[Collected data]

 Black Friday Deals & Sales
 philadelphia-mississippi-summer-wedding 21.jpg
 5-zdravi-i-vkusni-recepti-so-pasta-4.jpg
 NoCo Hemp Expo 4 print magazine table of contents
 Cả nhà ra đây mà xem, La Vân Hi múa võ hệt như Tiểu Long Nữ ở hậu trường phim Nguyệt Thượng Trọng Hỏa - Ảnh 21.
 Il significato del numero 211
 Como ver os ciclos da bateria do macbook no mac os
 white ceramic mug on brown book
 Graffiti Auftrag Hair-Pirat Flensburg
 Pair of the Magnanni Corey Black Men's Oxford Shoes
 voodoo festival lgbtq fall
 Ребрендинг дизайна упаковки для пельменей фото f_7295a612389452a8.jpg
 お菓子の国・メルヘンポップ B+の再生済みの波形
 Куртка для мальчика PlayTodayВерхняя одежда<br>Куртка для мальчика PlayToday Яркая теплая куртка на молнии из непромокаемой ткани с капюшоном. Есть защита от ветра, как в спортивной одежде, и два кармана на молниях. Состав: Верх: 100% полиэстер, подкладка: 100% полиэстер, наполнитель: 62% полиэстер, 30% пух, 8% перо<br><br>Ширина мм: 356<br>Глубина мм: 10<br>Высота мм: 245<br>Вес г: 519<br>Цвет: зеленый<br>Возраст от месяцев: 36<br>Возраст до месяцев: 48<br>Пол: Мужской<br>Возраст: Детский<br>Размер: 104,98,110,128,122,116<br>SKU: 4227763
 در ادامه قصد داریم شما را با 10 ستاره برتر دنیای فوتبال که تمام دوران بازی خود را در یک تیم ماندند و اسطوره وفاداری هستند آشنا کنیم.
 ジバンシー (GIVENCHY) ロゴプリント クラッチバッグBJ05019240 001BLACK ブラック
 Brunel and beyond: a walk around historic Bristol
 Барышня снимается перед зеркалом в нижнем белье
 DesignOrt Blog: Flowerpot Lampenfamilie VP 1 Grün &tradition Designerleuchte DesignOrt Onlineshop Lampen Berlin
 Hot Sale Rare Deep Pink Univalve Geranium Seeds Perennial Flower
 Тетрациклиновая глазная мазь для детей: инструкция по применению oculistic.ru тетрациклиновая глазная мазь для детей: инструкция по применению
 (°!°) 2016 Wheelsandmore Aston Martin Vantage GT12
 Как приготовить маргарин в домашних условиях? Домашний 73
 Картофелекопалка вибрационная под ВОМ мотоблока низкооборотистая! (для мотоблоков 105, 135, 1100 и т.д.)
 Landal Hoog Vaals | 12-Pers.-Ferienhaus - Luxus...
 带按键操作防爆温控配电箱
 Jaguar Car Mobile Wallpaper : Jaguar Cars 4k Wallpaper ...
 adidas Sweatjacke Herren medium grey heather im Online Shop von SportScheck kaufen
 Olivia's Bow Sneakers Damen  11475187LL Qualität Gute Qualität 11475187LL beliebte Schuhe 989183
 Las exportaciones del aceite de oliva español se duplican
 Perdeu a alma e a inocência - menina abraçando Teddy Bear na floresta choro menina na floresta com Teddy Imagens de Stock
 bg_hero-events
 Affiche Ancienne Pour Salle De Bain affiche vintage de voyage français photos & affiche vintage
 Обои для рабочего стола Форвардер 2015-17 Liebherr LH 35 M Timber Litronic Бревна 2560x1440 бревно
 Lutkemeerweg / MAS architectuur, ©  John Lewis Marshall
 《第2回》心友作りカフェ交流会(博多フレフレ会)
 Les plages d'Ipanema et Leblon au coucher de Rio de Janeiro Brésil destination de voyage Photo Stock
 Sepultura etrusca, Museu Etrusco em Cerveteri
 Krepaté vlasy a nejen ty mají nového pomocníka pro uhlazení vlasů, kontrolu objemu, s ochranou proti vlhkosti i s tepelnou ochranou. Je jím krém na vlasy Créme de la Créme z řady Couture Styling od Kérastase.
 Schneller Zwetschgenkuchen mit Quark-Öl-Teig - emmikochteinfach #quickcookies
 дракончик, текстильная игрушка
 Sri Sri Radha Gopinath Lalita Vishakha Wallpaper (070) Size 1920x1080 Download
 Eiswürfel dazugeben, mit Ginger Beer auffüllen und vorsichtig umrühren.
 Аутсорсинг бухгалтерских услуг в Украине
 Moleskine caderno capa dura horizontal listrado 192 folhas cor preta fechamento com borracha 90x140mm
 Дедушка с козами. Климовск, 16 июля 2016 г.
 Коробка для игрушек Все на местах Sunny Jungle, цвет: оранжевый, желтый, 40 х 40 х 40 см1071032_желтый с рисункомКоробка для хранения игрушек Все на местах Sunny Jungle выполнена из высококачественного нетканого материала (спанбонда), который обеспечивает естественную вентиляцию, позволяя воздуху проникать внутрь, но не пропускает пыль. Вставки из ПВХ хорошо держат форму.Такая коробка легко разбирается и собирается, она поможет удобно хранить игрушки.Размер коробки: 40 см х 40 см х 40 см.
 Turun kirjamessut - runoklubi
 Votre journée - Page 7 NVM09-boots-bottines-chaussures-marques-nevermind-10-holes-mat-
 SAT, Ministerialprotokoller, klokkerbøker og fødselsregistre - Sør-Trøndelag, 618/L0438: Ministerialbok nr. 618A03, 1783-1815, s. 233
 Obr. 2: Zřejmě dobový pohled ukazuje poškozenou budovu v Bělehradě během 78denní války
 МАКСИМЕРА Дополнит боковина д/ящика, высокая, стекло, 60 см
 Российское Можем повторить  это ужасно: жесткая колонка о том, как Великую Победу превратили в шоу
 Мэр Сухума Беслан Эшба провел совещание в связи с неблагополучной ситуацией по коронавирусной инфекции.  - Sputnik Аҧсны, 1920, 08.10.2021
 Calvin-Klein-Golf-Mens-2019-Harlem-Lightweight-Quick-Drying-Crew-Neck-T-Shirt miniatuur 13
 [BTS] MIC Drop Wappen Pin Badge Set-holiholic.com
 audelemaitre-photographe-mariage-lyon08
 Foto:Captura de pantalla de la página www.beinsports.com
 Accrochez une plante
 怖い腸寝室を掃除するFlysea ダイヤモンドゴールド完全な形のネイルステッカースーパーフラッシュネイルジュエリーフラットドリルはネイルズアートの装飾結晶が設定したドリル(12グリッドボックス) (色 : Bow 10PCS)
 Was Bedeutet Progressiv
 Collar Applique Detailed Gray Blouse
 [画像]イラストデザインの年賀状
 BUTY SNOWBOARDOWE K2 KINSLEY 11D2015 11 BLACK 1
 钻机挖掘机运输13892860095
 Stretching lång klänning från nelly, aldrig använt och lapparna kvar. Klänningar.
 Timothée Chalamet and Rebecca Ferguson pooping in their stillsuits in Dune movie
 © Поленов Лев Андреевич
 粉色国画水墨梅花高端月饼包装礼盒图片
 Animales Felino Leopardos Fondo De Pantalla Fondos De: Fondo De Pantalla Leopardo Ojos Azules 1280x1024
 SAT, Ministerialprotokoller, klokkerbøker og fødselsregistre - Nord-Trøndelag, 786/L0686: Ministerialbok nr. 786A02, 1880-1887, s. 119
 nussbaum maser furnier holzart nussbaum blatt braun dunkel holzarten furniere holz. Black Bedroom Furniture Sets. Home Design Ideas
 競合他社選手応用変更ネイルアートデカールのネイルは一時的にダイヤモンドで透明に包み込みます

= WORK ORDER =
Leave out every line above except those from the line with "Turun kirjamessut - runoklubi" up to and including the line with "1783-1815, s. 233", and copy those exactly.

= EXERCISE SOLUTION =
 Turun kirjamessut - runoklubi
 Votre journée - Page 7 NVM09-boots-bottines-chaussures-marques-nevermind-10-holes-mat-
 SAT, Ministerialprotokoller, klokkerbøker og fødselsregistre - Sør-Trøndelag, 618/L0438: Ministerialbok nr. 618A03, 1783-1815, s. 233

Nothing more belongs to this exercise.